### STORED DATA
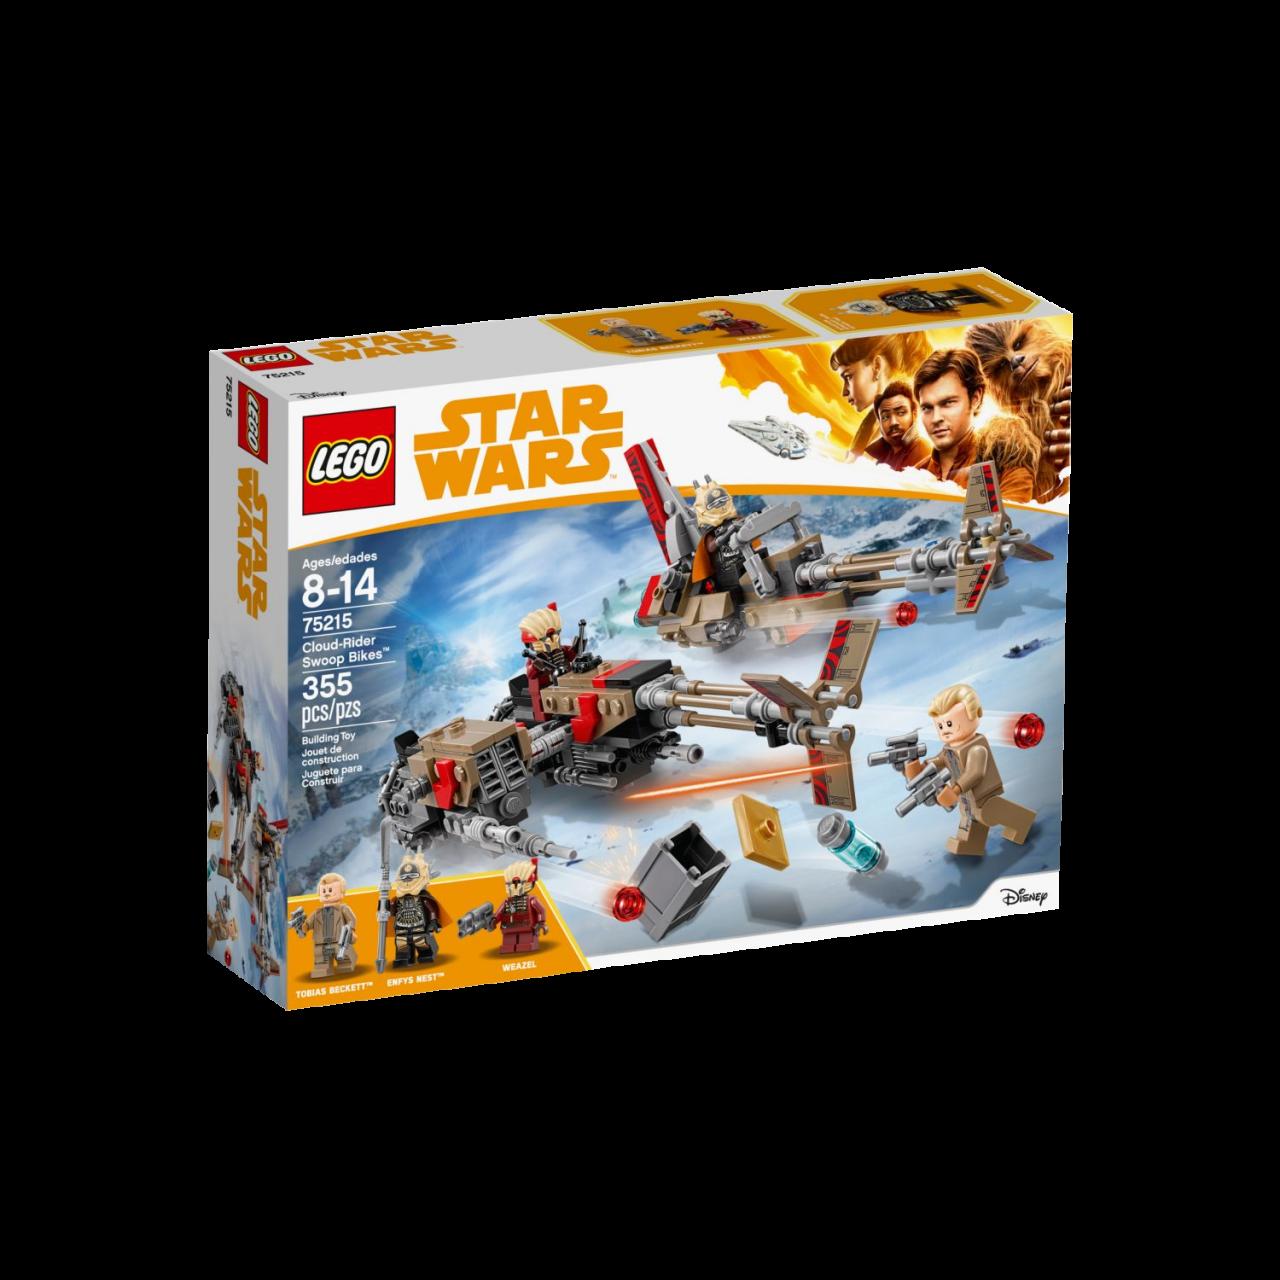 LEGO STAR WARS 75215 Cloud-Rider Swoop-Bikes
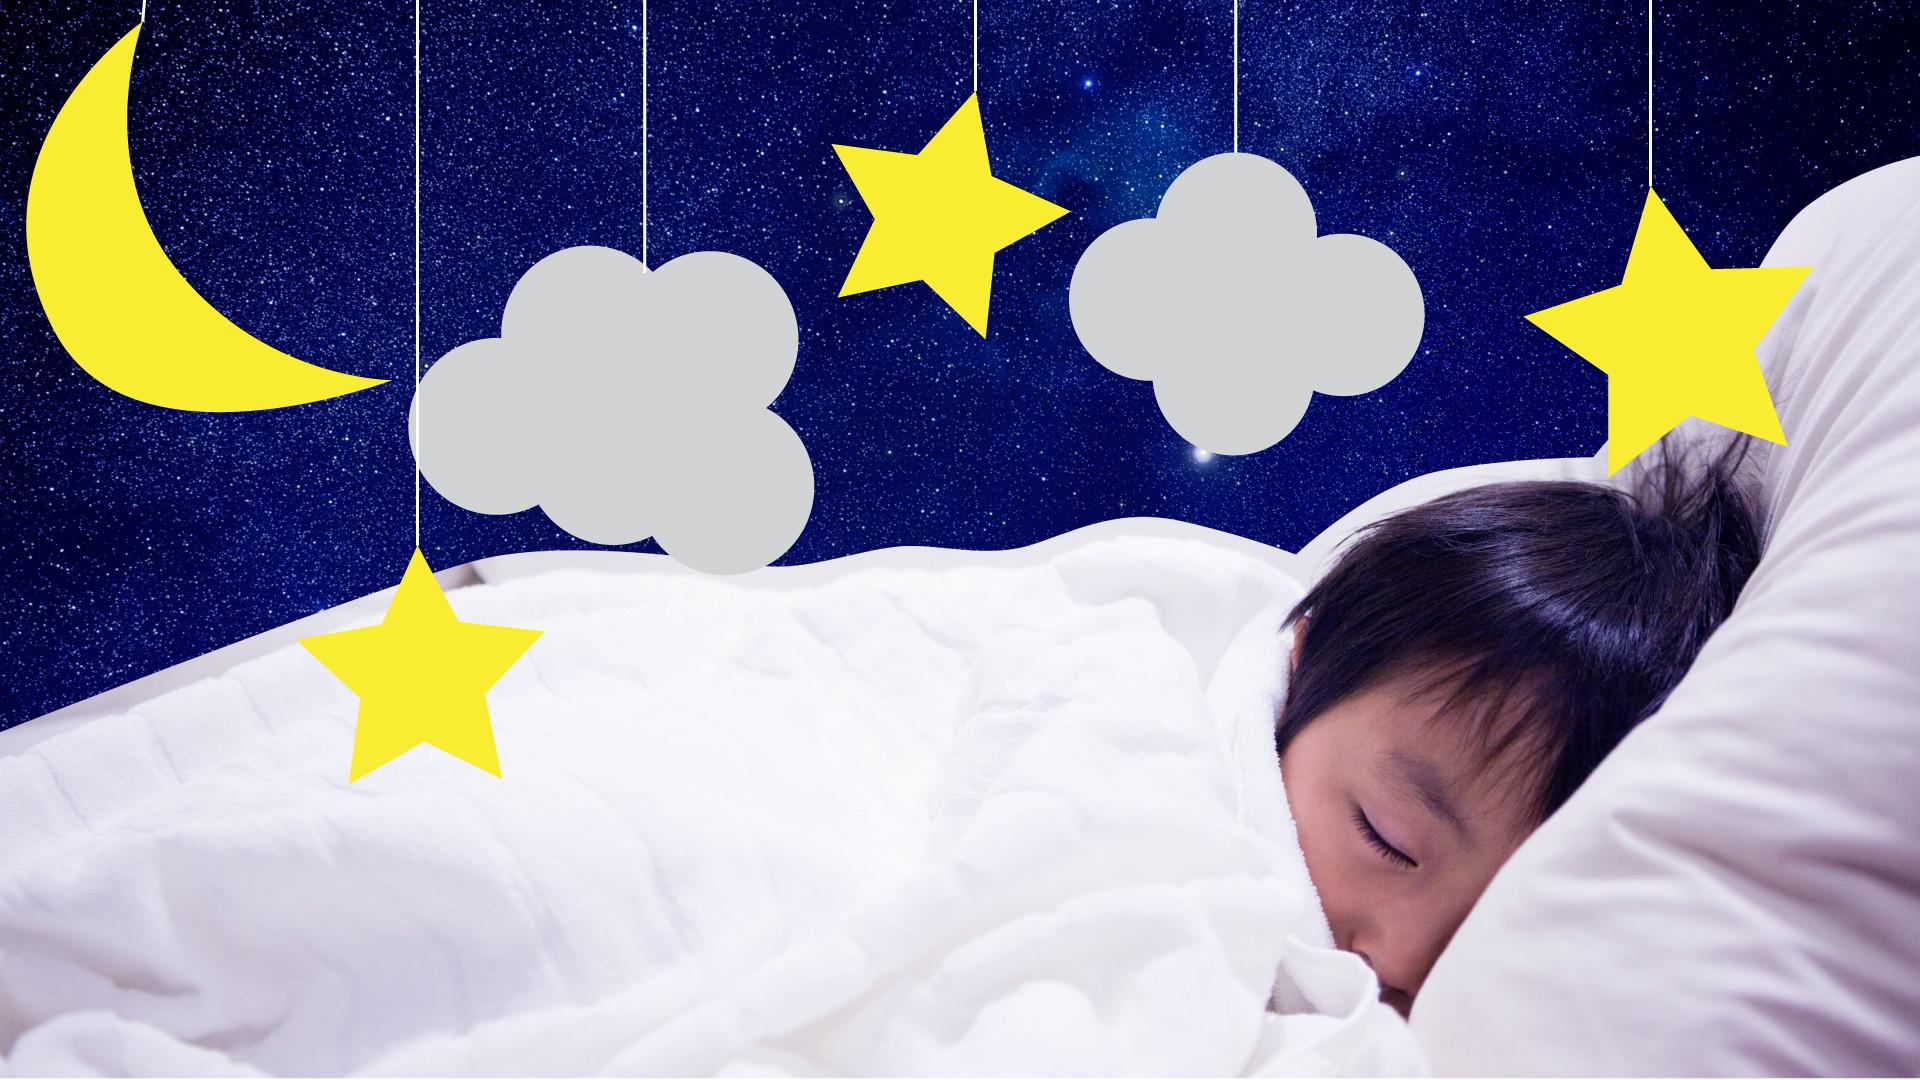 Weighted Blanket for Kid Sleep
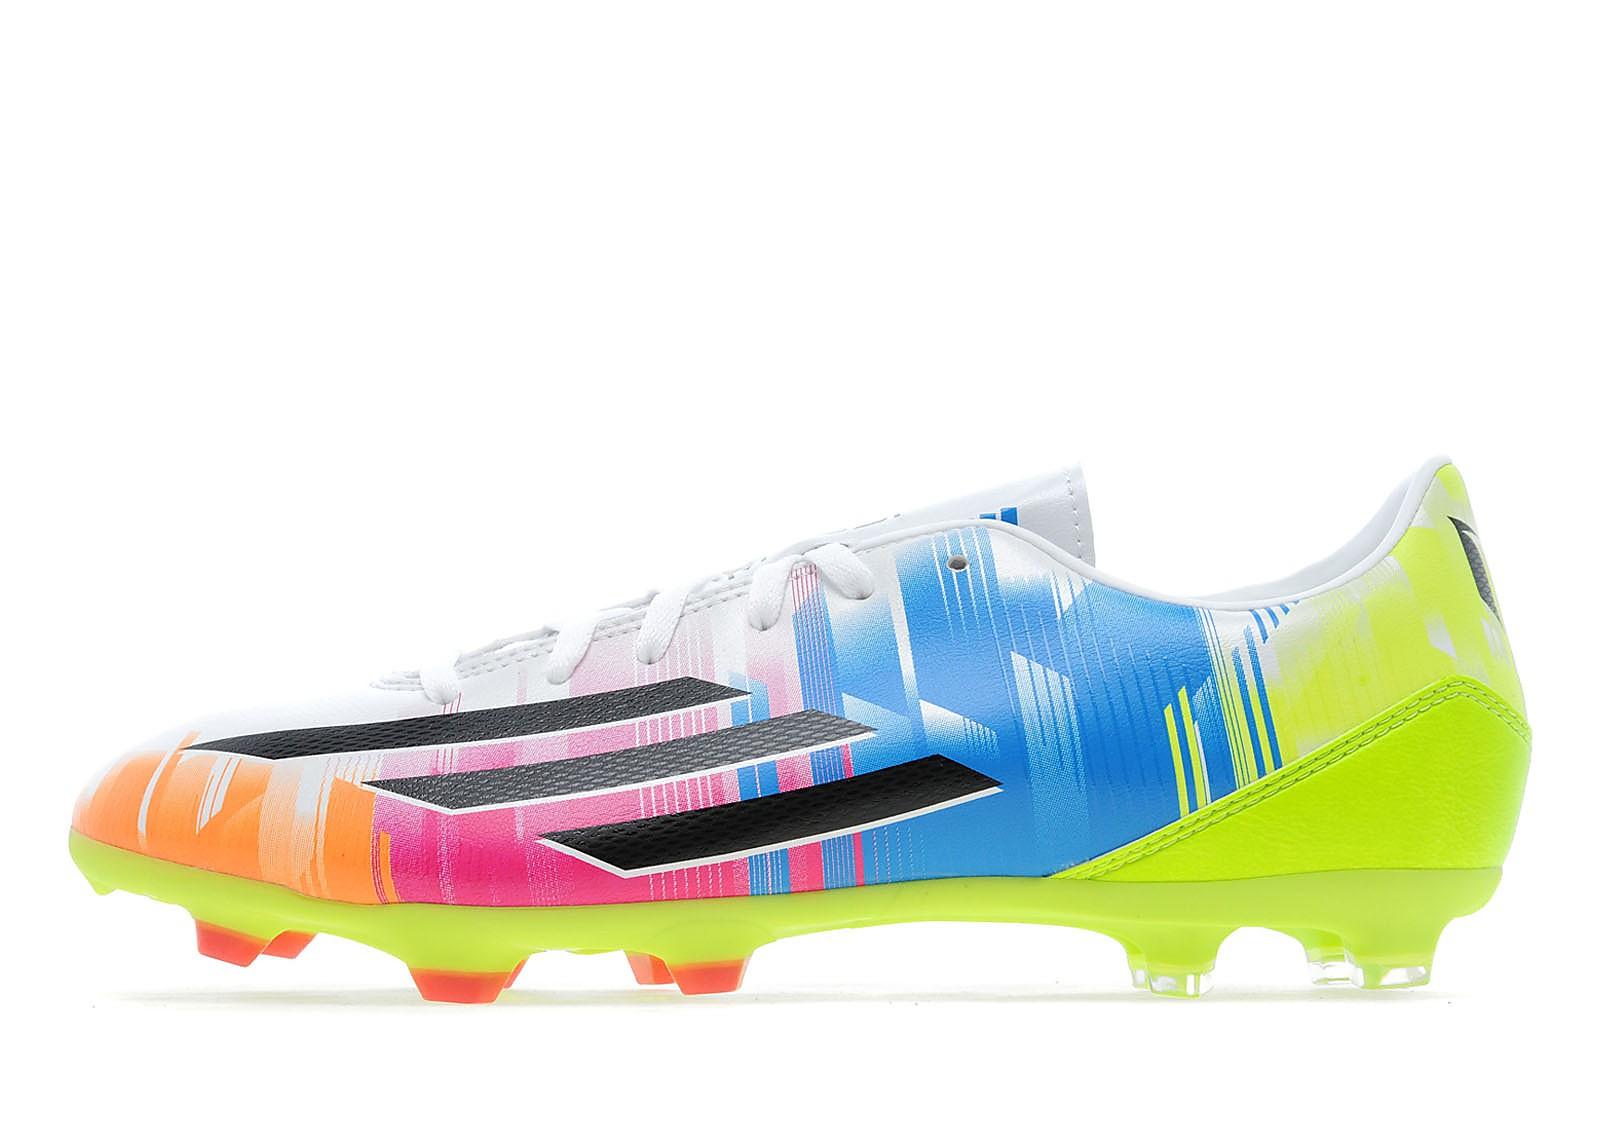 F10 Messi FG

### WHAT YOU NEED TO DO
Give the preceding data back exactly, minus every picture.

### THE COMPLETED TASK
 LEGO STAR WARS 75215 Cloud-Rider Swoop-Bikes
 Weighted Blanket for Kid Sleep
 F10 Messi FG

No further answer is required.